PROBLEM TO SOLVE: Transcribe exactly, leaving out pictures, the lines from the one that holds "Wheelchair,Product,Motorized wheelchair,Leg,Electric blue" through the end of the data below, including both end lines and no others.

RAW DATA:
━━━━━━━━━━━━━━━━━━━━

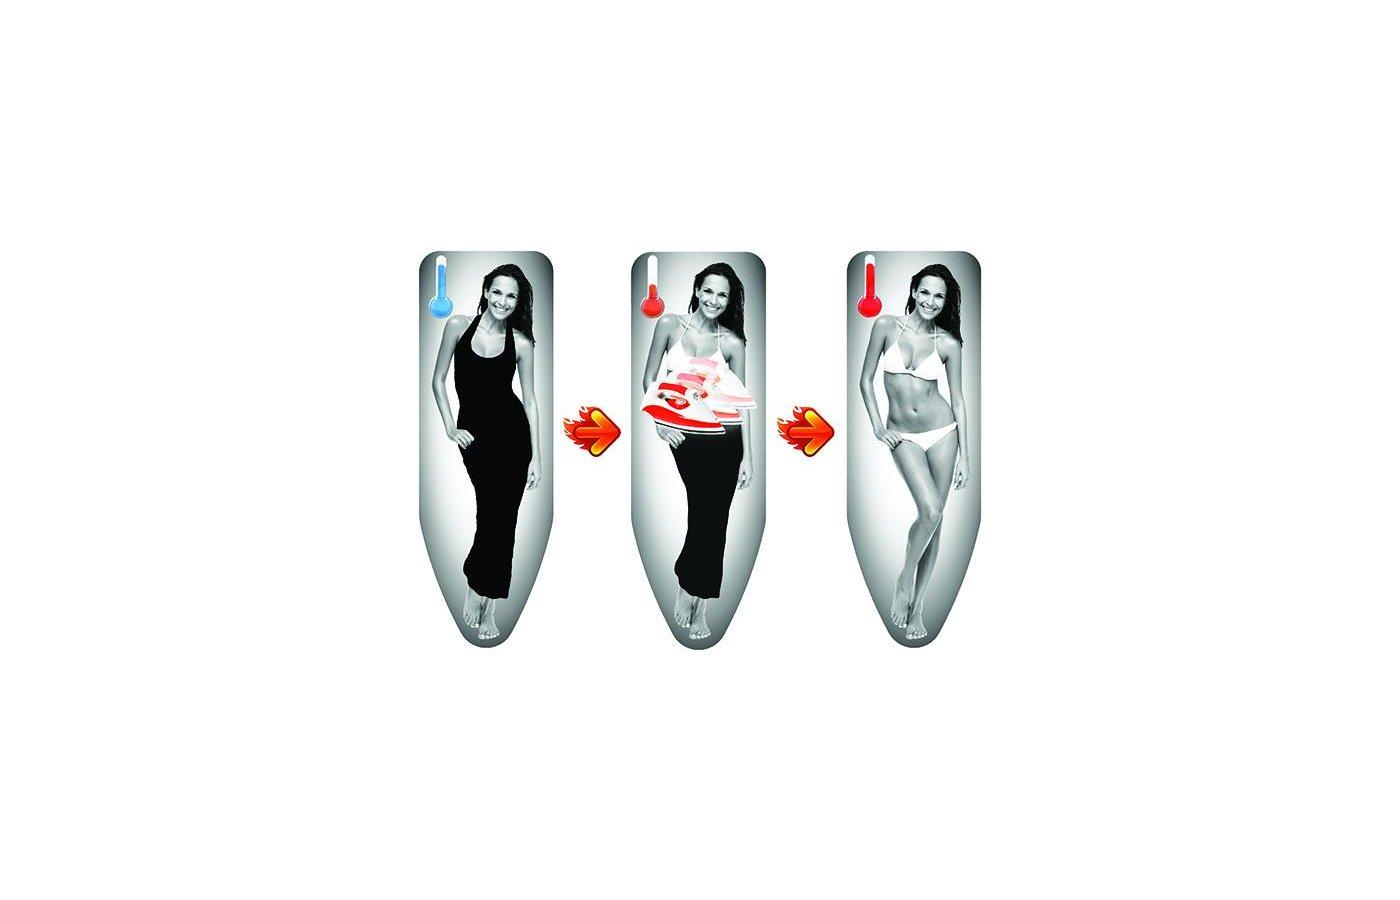 Чехлы и принадлежности для глажки Colombo Чехол д/гл.доски с терморисунком Girl 140х55см
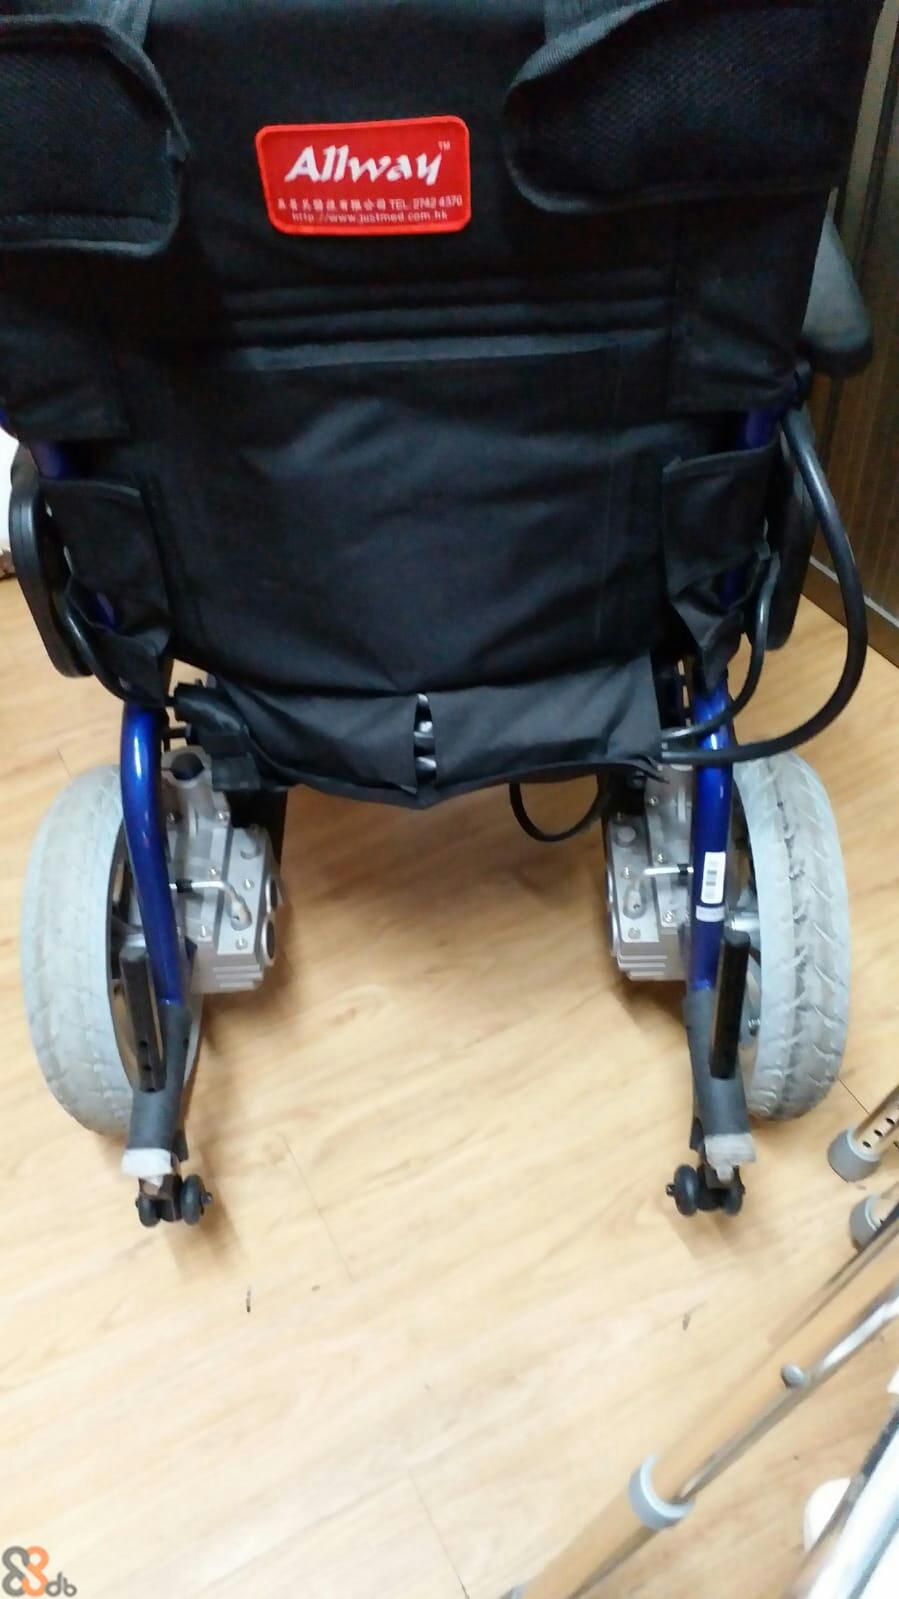 Allway  Wheelchair,Product,Motorized wheelchair,Leg,Electric blue
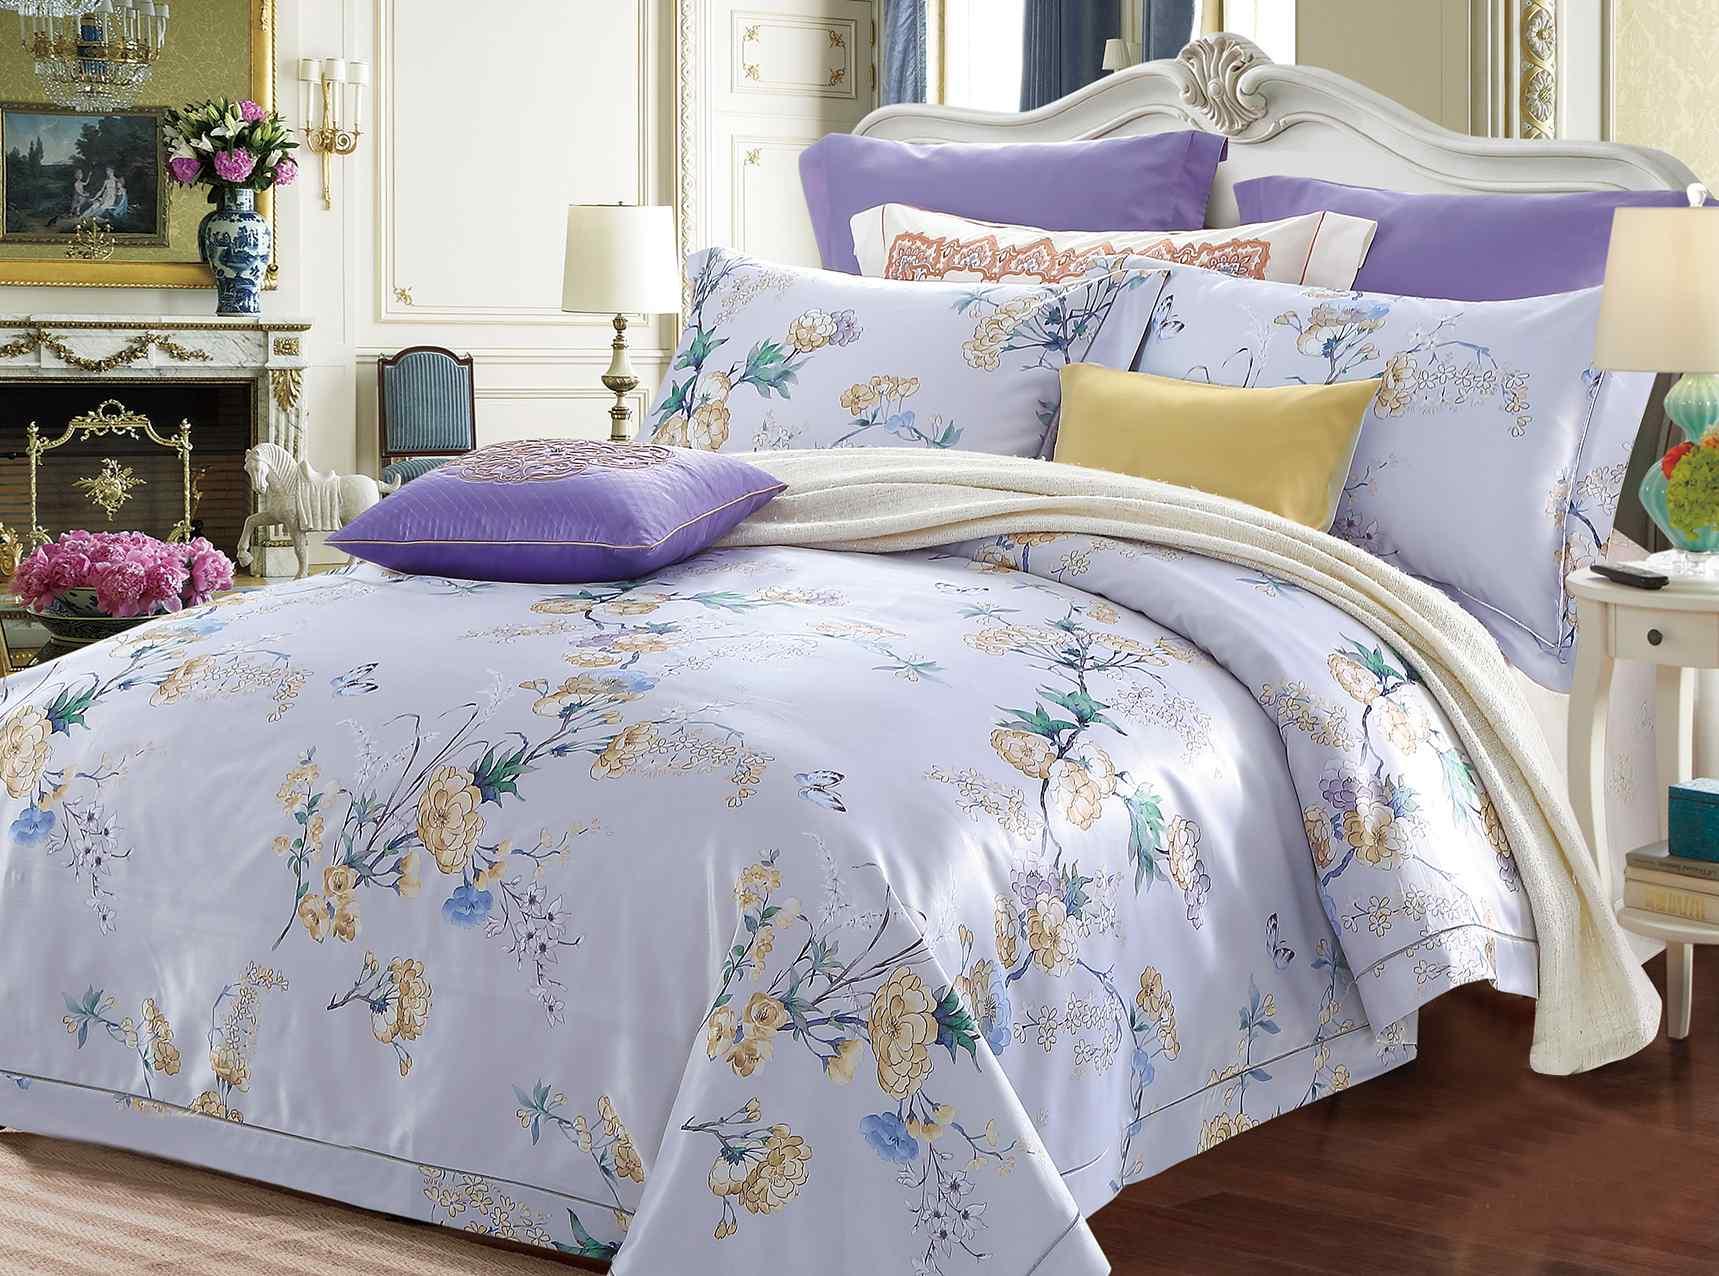 Floral Pattern Polyester Rayon Jacquard Bedding   #6848

━━━━━━━━━━━━━━━━━━━━

RESPONSE BOX:
 Allway  Wheelchair,Product,Motorized wheelchair,Leg,Electric blue
 Floral Pattern Polyester Rayon Jacquard Bedding   #6848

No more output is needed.